The Bull Rock Lighthouse, is an active aid to navigation located 4km off Dursey Island, Ireland.

History
The lighthouse is the second one constructed  in this location. The first was built in 1866 on nearby Calf Rock. That lighthouse was cast iron but was destroyed by an Atlantic storm. The second was built on Bull Rock in 1889.
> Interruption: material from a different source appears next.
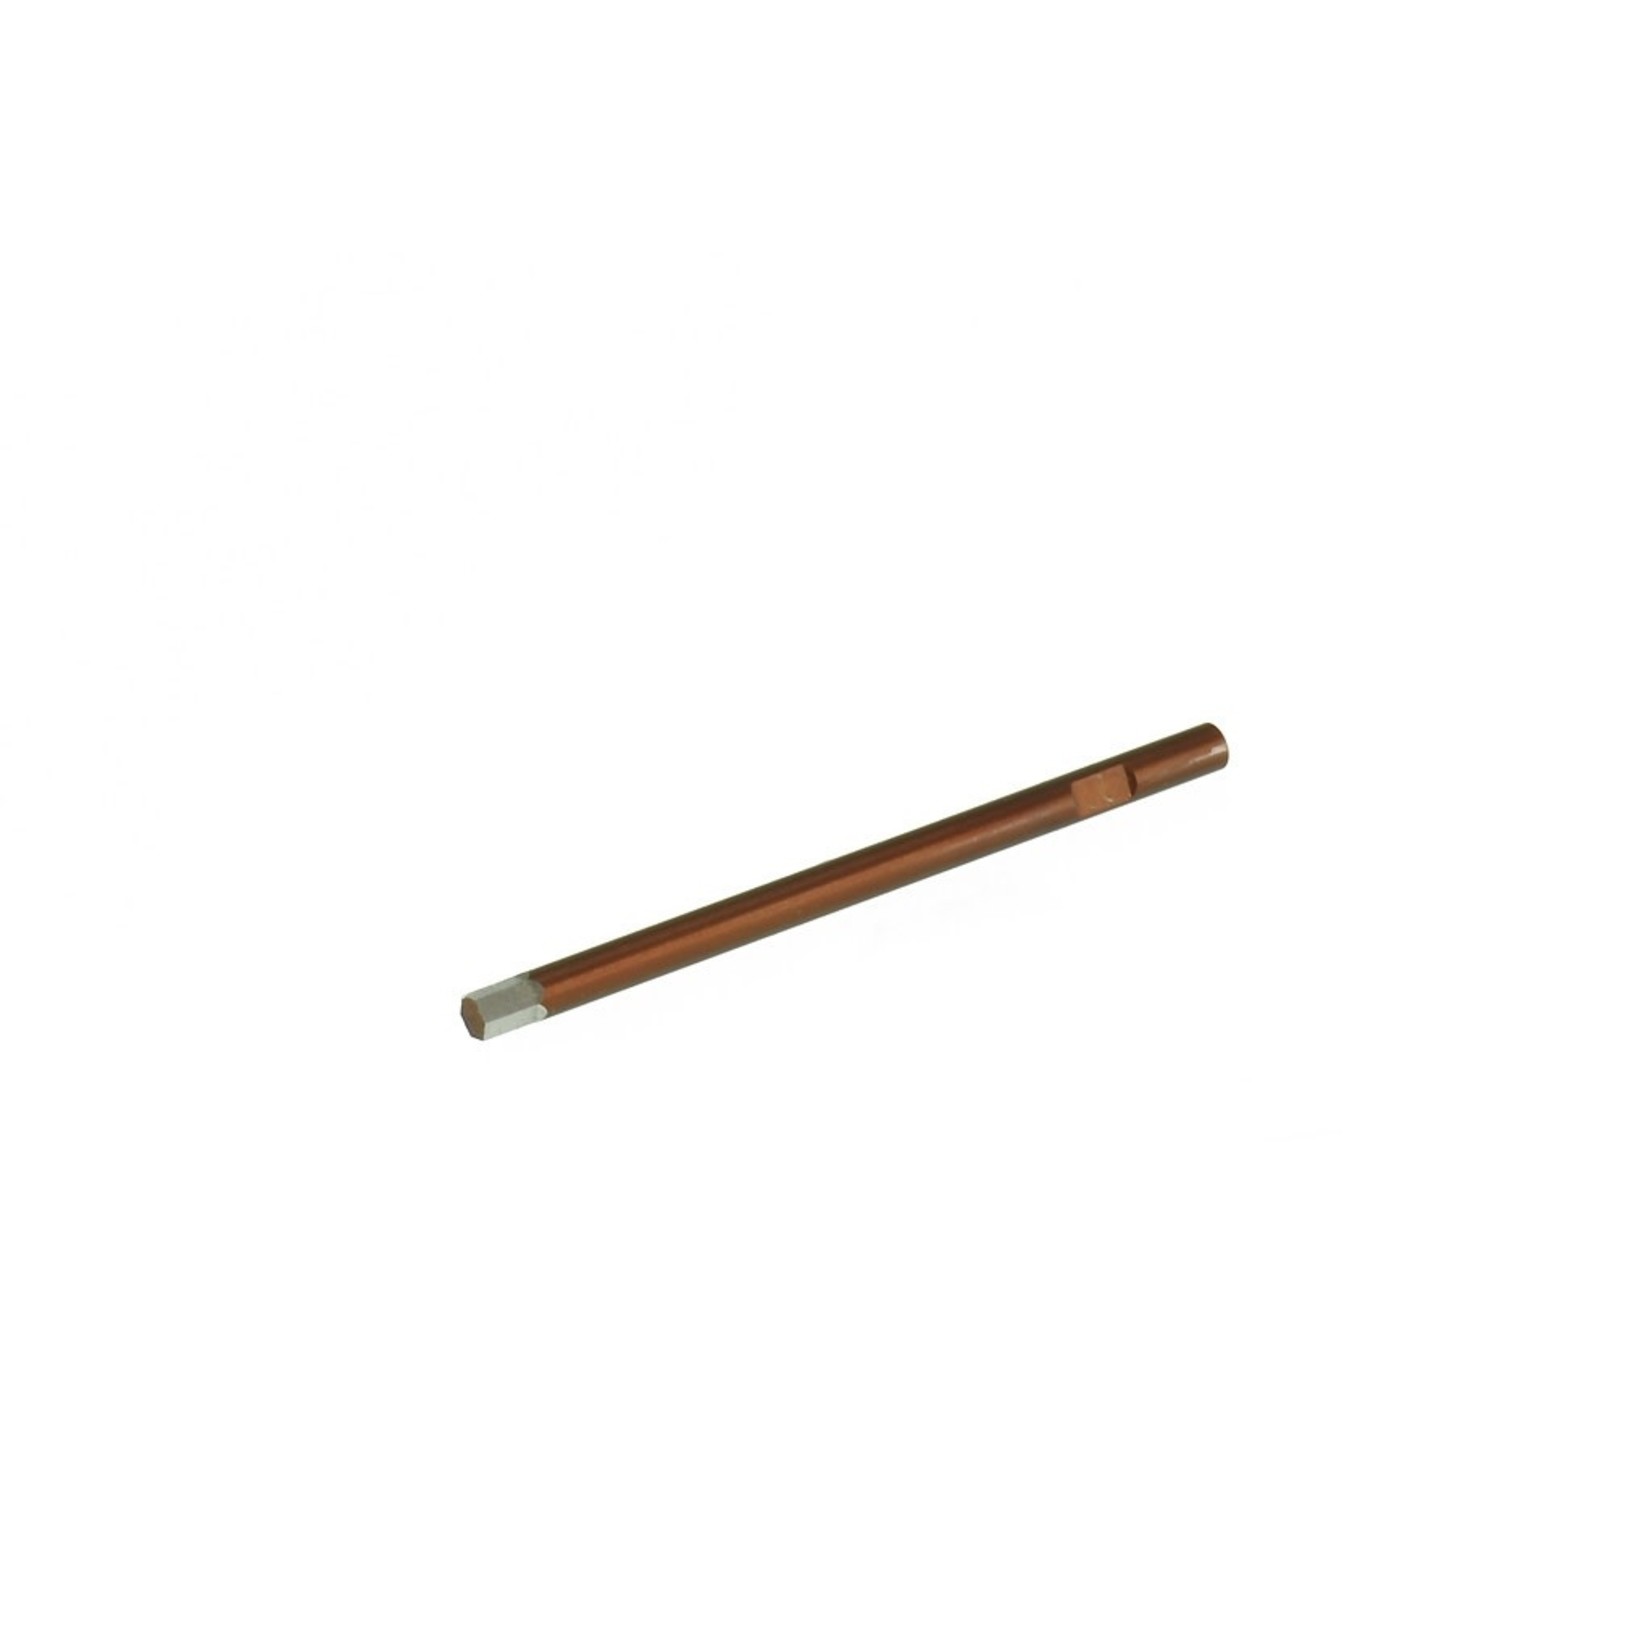 TEAM-EDS ALLEN WRENCH 2.5 X 60MM TIP ONLY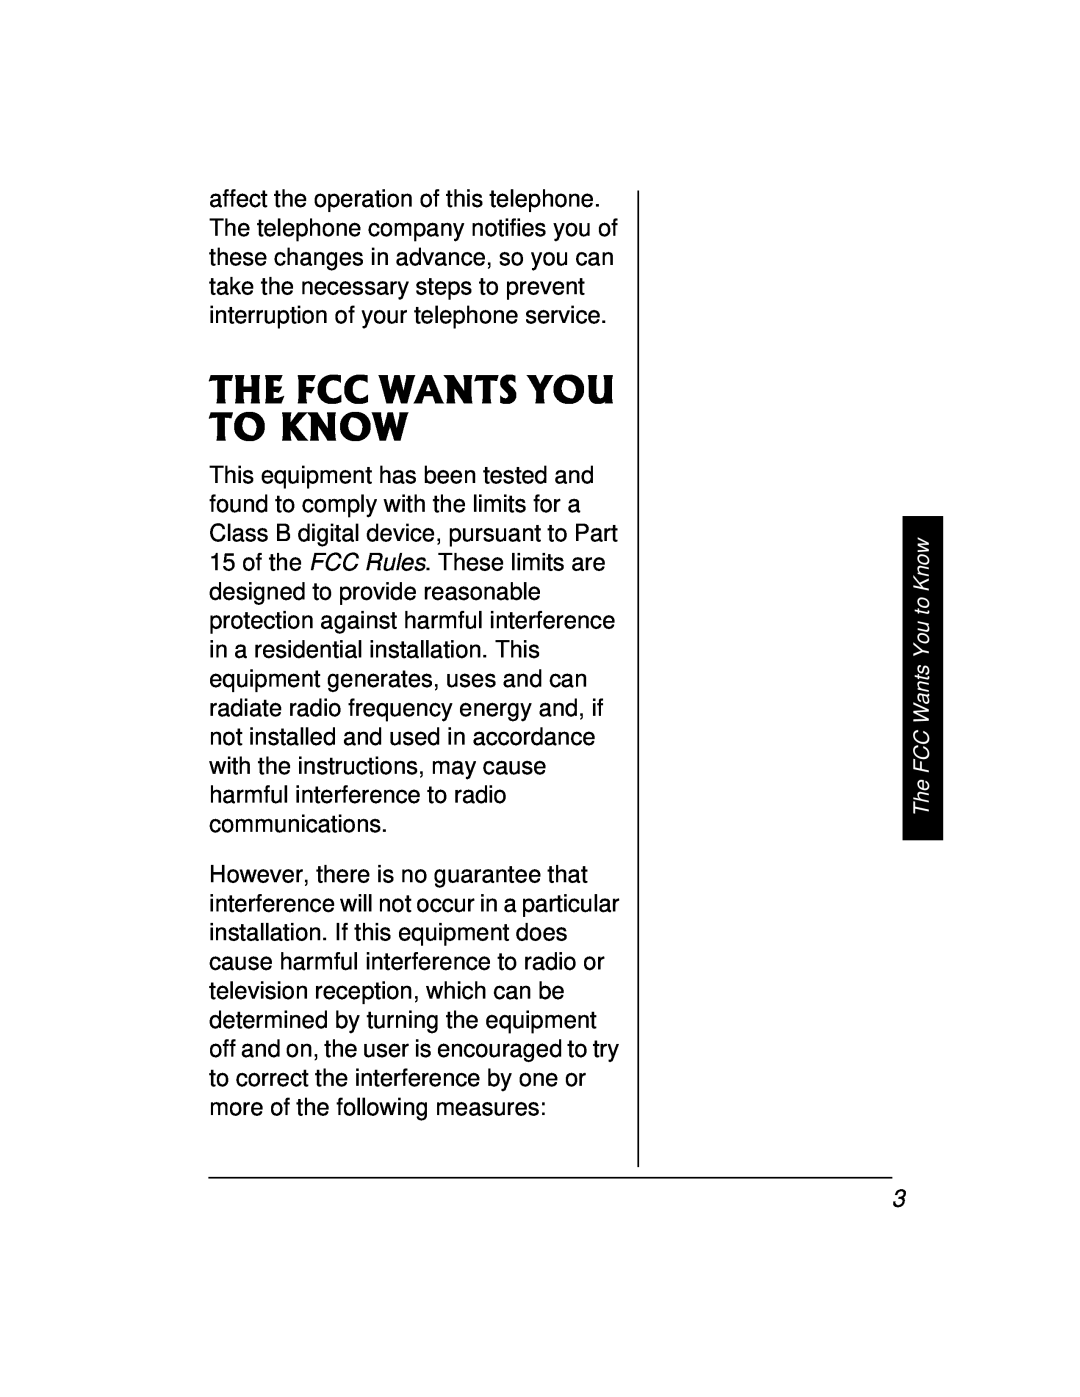 Radio Shack 43-3888 owner manual The Fcc Wants You To Know, The FCC Wants You to Know

The first light house was built as a result of a request to establish a light on Bull Rock. However the commissioners chose Calf Rock. George Halpin designed the iron structure which was constructed by Henry Grissell of Regent's Canal Iron Works in London in 1861. The tower was completed in August 1864. The lantern and machinery were added and the light was turned on 30 June 1866. In 1870 additional strengthening was added to the structure. However on 27 November 1881 the lighthouse was destroyed when the tower snapped in a severe storm. The lighthouse keepers were not in the tower when it shattered but they were trapped on the Rock for two weeks before rescue was possible.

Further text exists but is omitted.